Chosen Chief of the Order of Bards, Ovates and Druids
- In office 1964–death
- Succeeded by: Philip Carr-Gomm

Personal details
- Born: 28 June 1902 Norwich, England
- Died: 30 April 1975 (aged 72) London, England
- Occupation: Poet, Author, Historian, Artist

= Ross Nichols =

English academic, poet, artist, historian (1902-1975)

Philip Peter Ross Nichols (28 June 1902 – 30 April 1975) was a Cambridge academic and published poet, artist and historian, who founded the Order of Bards, Ovates and Druids in 1964. He wrote prolifically on the subjects of Druidism and Celtic mythology. He was also known by his druid name, Nuinn.

== Work ==

He revived the interest in Celtic neopaganism and Druidry in the 20th century. Nichols was a Member and Chairman of the Druid Order which traces its lineage to a meeting at the Apple Tree Tavern in Covent Garden, London, in 1717, although Professor Ronald Hutton has demonstrated that it only dates back to 1906, the 1717 story being a modification of the founding of modern Freemasonry. His main work, The Book of Druidry, was published posthumously in 1990.

== Life ==

Philip Peter Ross Nichols was born in Norwich, England, and educated at Bloxham School. While a graduate history student at Cambridge University, Nichols became influenced by the work of James George Frazer, Sigmund Freud, Carl Jung, T. S. Eliot, Robert Graves and Jessie Weston among others. He worked in journalism, teaching and social work through the Great Depression, and became a committed socialist and pacifist, favoring for the rest of his life the new economic theories of C. H. Douglas, whose concept of Social Credit advocated a total reform of the monetary system to make it more equitable. Ross was also a vegetarian and naturist, joining Britain's first naturist community, Spielplatz, near St. Albans in Hertfordshire, in the 1930s.

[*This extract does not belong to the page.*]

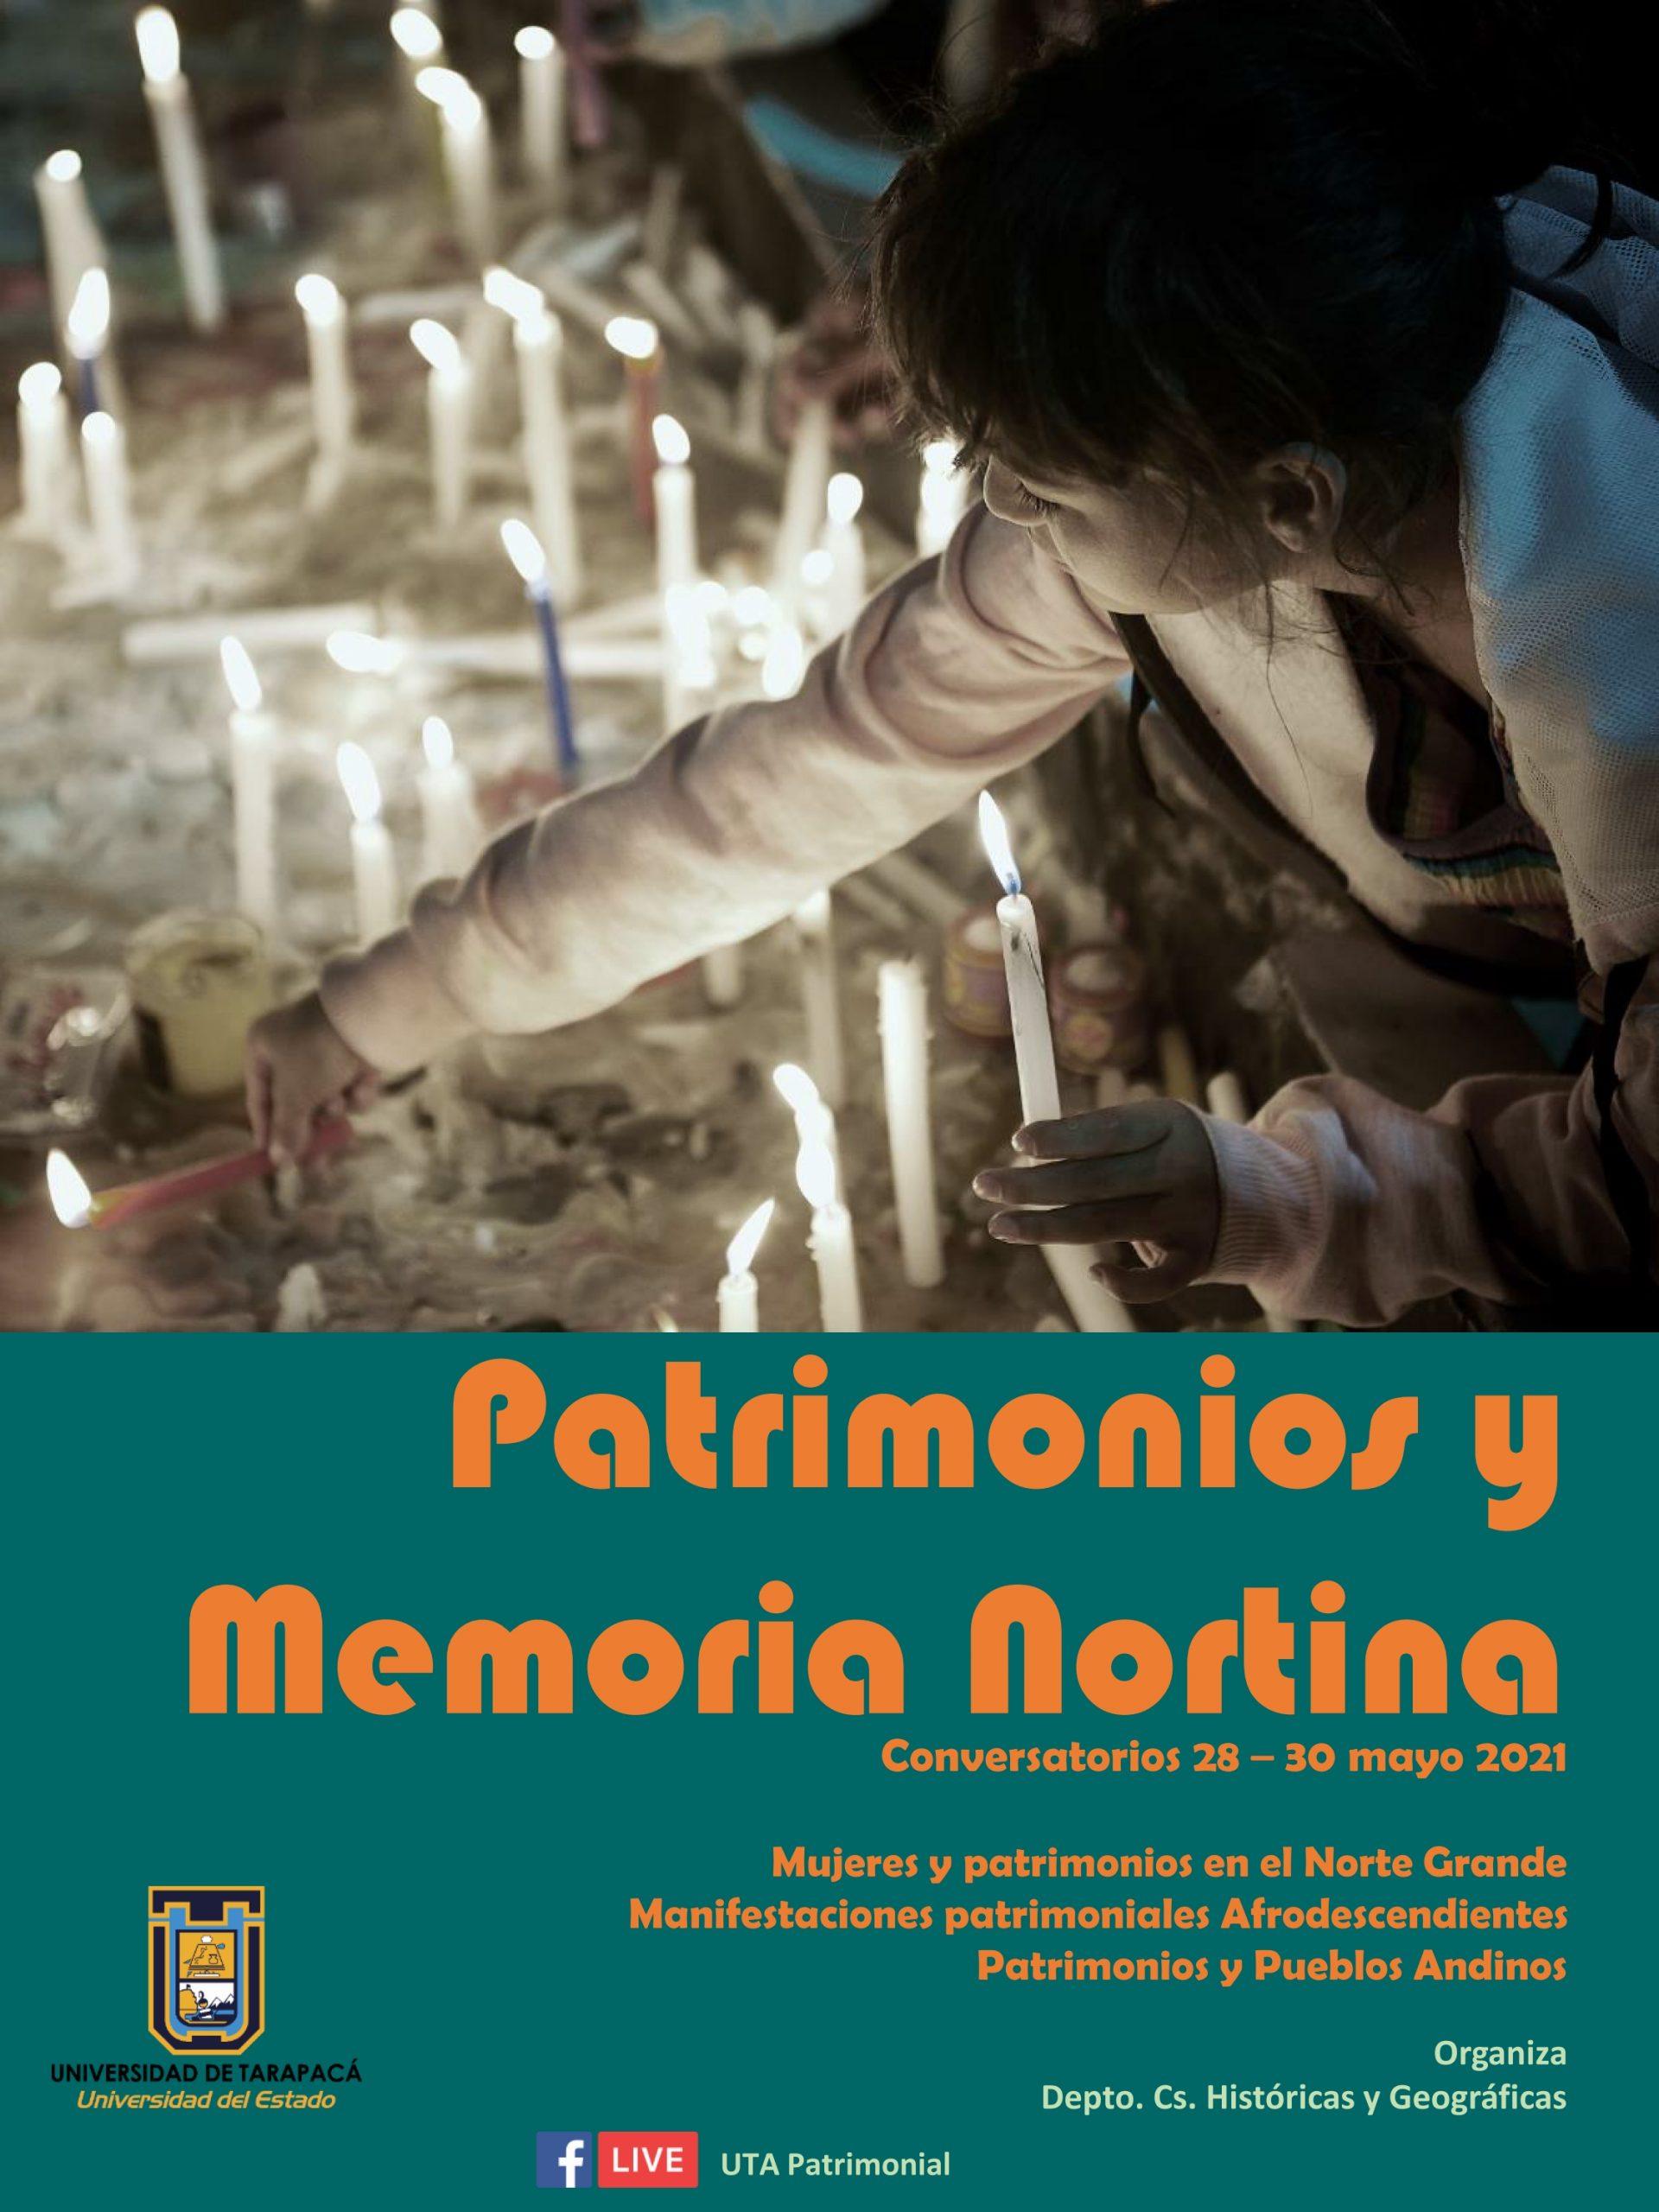 Universidad de Tarapacá: Cultores serán protagonistas del Día del Patrimonio

In 1939, Nichols became principal of a private college in London, while staying at Spielplatz during time off. It is assumed that on one of these trips he met and befriended Gerald Gardner.

Between 1941 and 1947, four of his poetry books were published, including an essay in The Cosmic Shape (1946) focusing on the power of myth and the value of seasonal celebration. Two were published by Fortune Press - 'Prose Chants and Proems' (1942) and 'Sassenach Stray (1942).

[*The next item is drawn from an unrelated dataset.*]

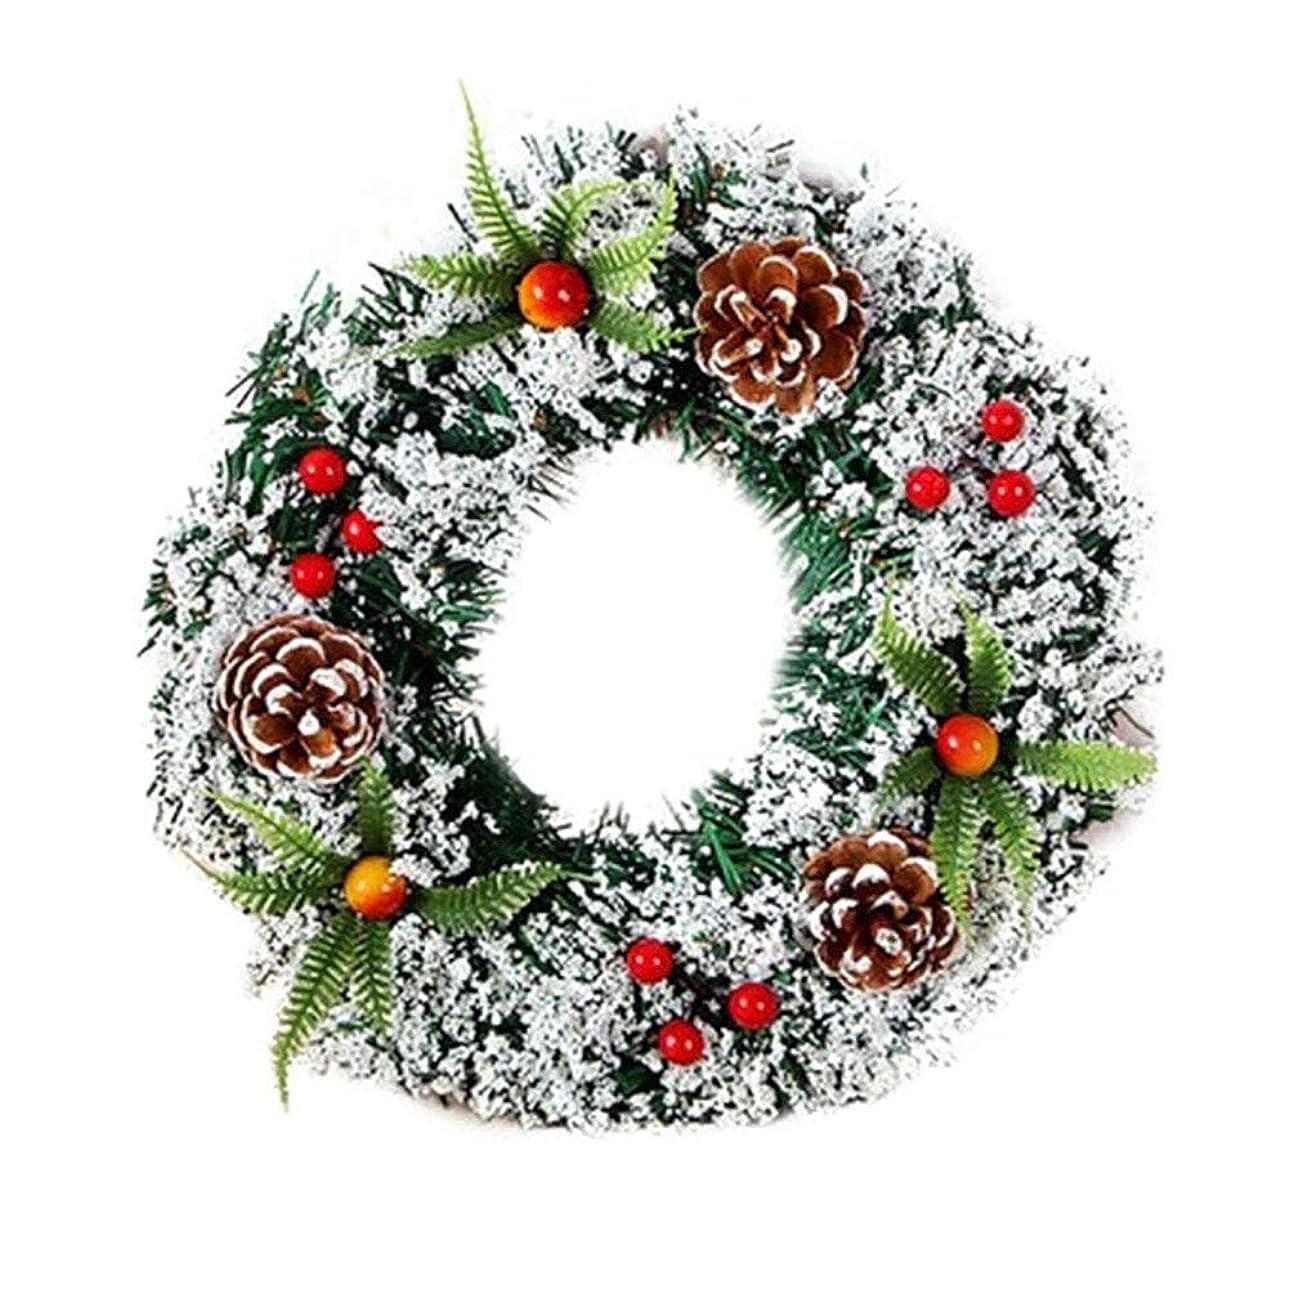 シーズン石時系列YideaHome クリスマスリース Xmas クリスマス 飾り インテリア 玄関 ドア 飾り アクセサリー 壁掛け 玄関飾り お店飾り 撮影用品 開店祝い 新築祝い

Ross was hired as assistant editor of The Occult Observer in 1949, by Michael Houghton of the Atlantis Bookshop. The short-lived publication marked the first time Nichols wrote about Druidism, and introduced the short story "Book of Shadows" (by Mir Bashir) that inspired Gardner to adopt the term for Wicca.

Nichols was asked to edit Gardner's seminal work, Witchcraft Today (1954). While Gardner worked to introduce Wicca to the modern world, Nichols worked to change the practice of modern Druidry. He introduced a concern for Celtic mythology and Bardcraft, and the celebration of the full eight seasonal ceremonies in addition to arranging the teachings into three grades, in accordance with classical accounts of the three divisions of the Druids.

Nichols also edited and published the 1969 translation of The History and Practice of Magic by Jean-Baptiste Pitois ( Paul Christian).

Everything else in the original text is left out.